═════ Data block ═════
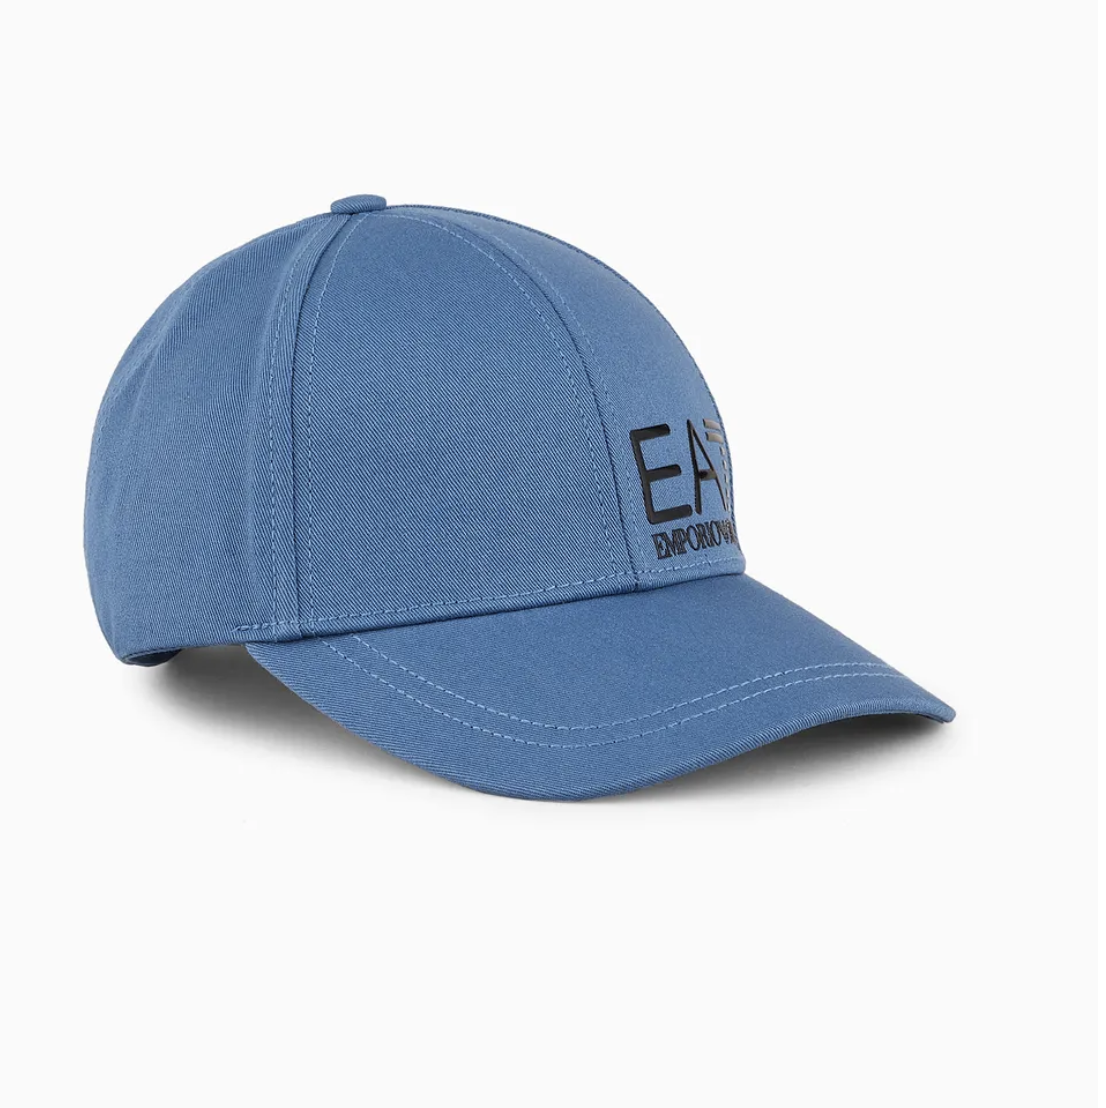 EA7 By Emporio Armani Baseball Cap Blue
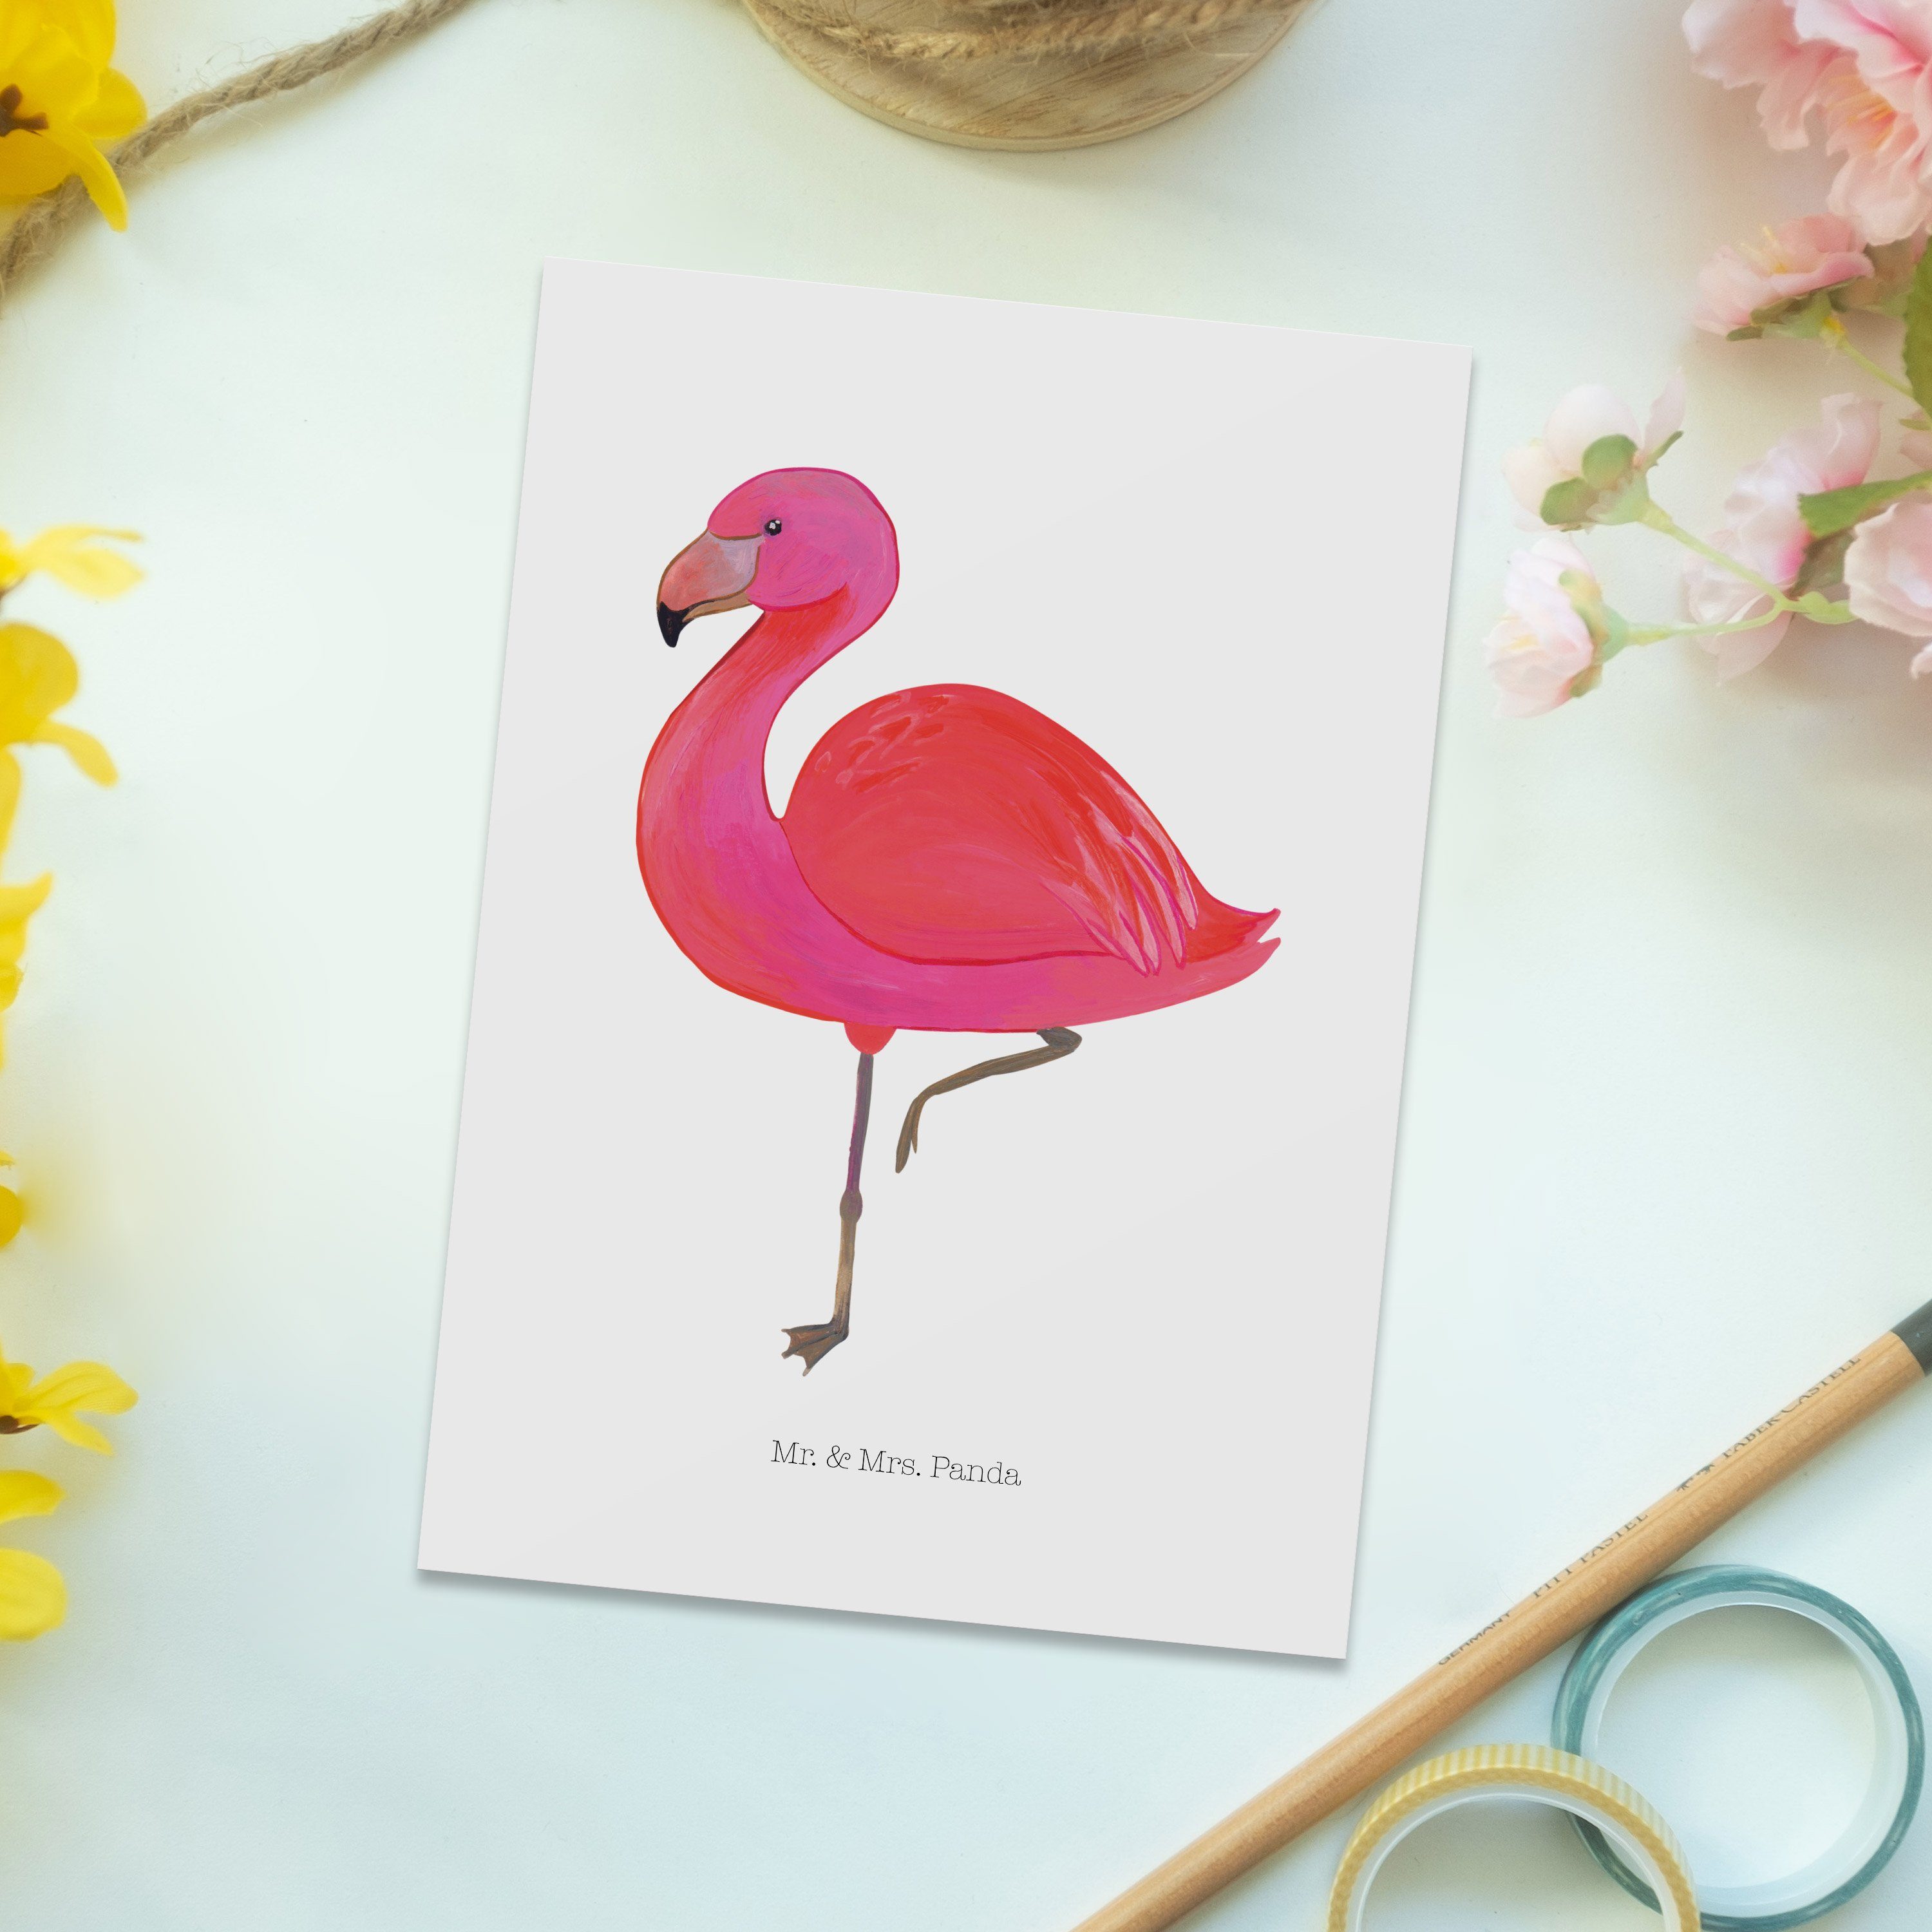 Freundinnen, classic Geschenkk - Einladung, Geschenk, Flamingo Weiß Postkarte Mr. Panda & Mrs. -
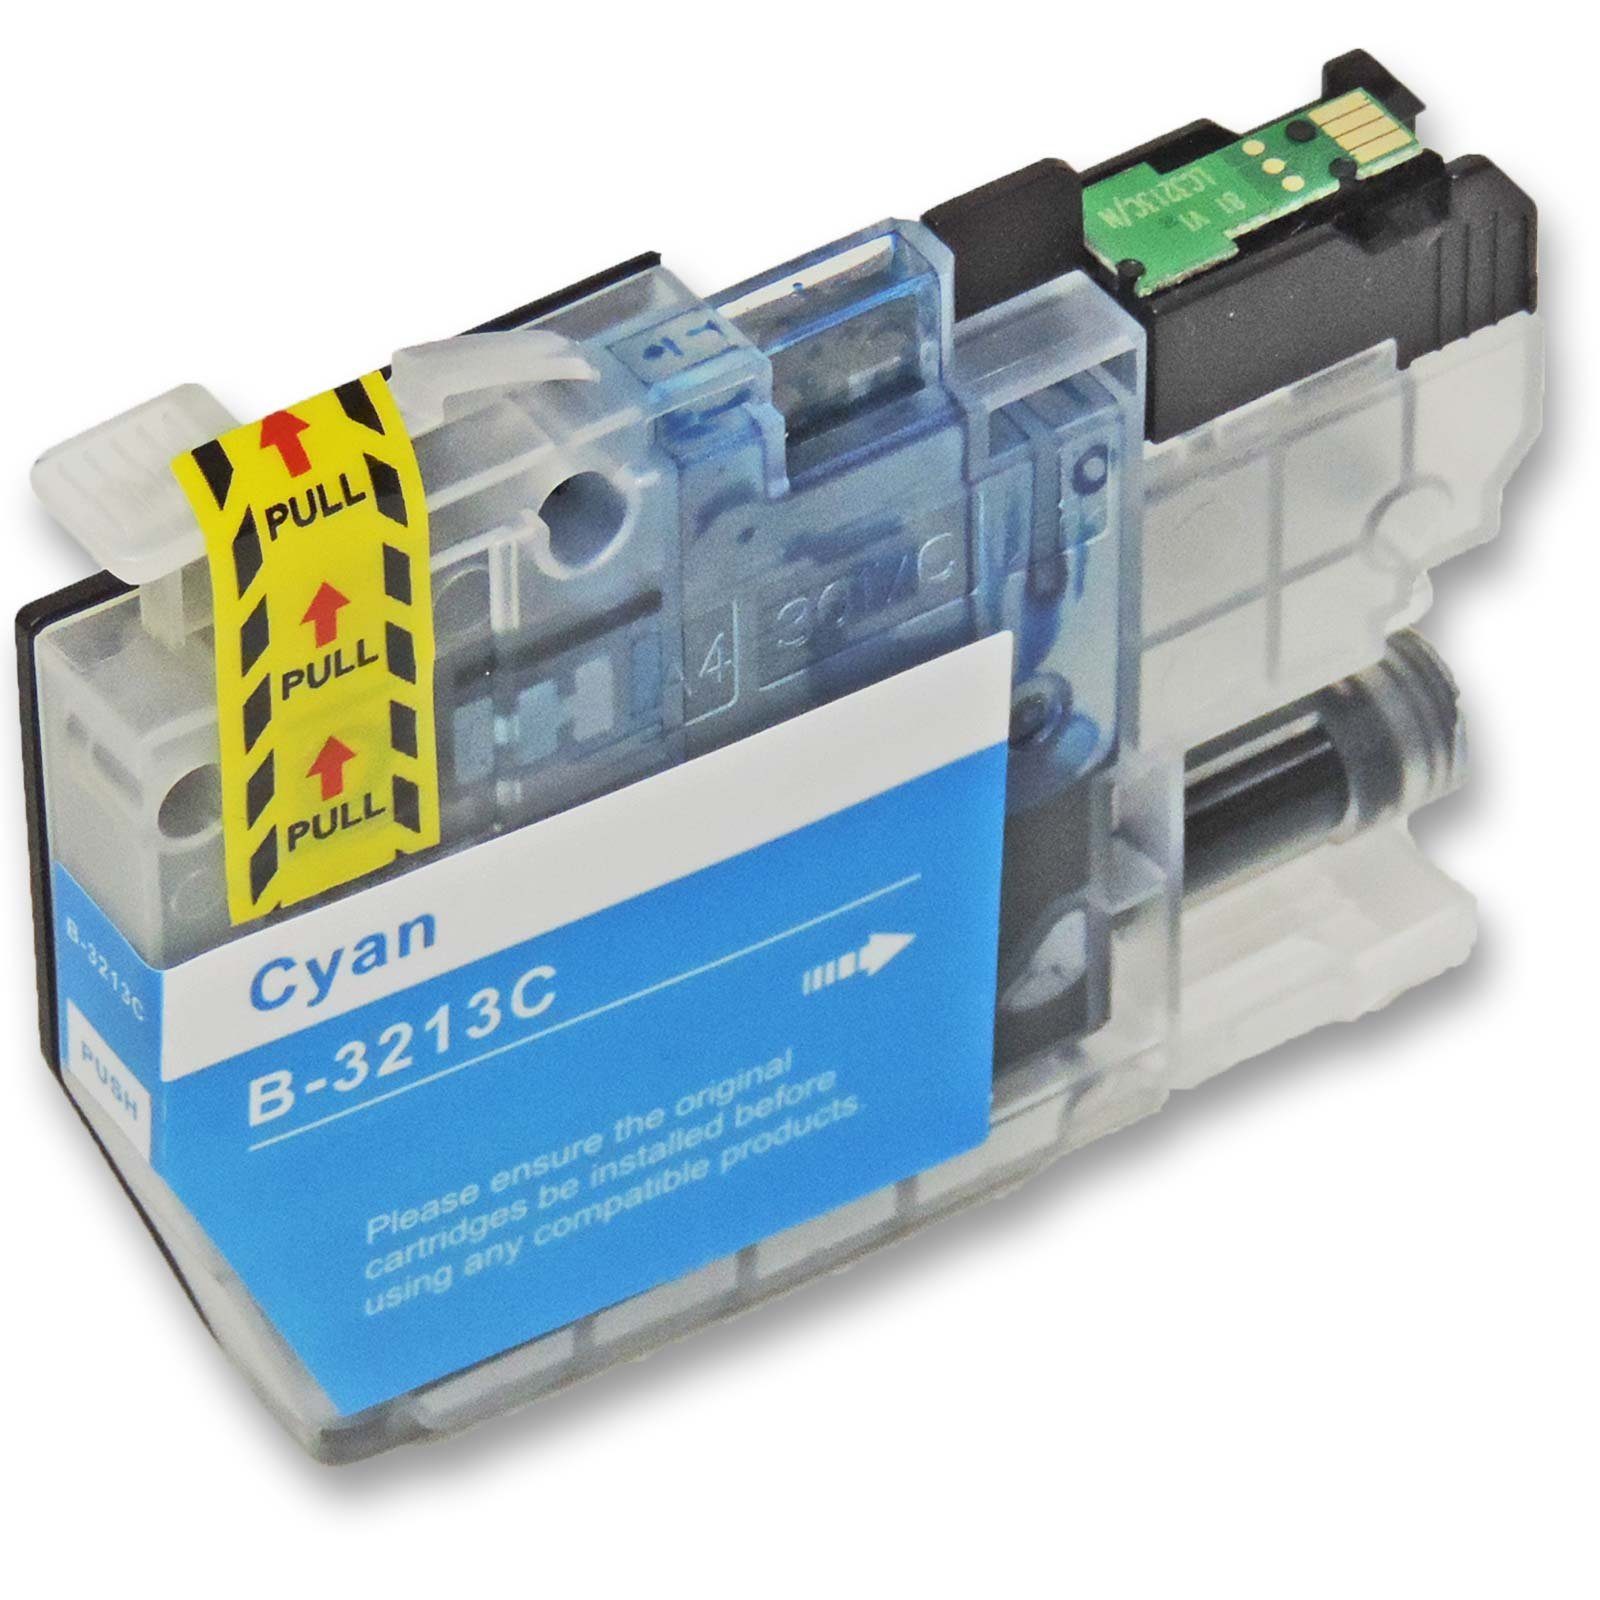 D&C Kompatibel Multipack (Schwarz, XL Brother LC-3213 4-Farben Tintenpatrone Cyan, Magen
═════
> [Brief] Please copy the data shown above precisely, leaving the images out.

> [The completed task]
 EA7 By Emporio Armani Baseball Cap Blue
 Freundinnen, classic Geschenkk - Einladung, Geschenk, Flamingo Weiß Postkarte Mr. Panda & Mrs. -
 D&C Kompatibel Multipack (Schwarz, XL Brother LC-3213 4-Farben Tintenpatrone Cyan, Magen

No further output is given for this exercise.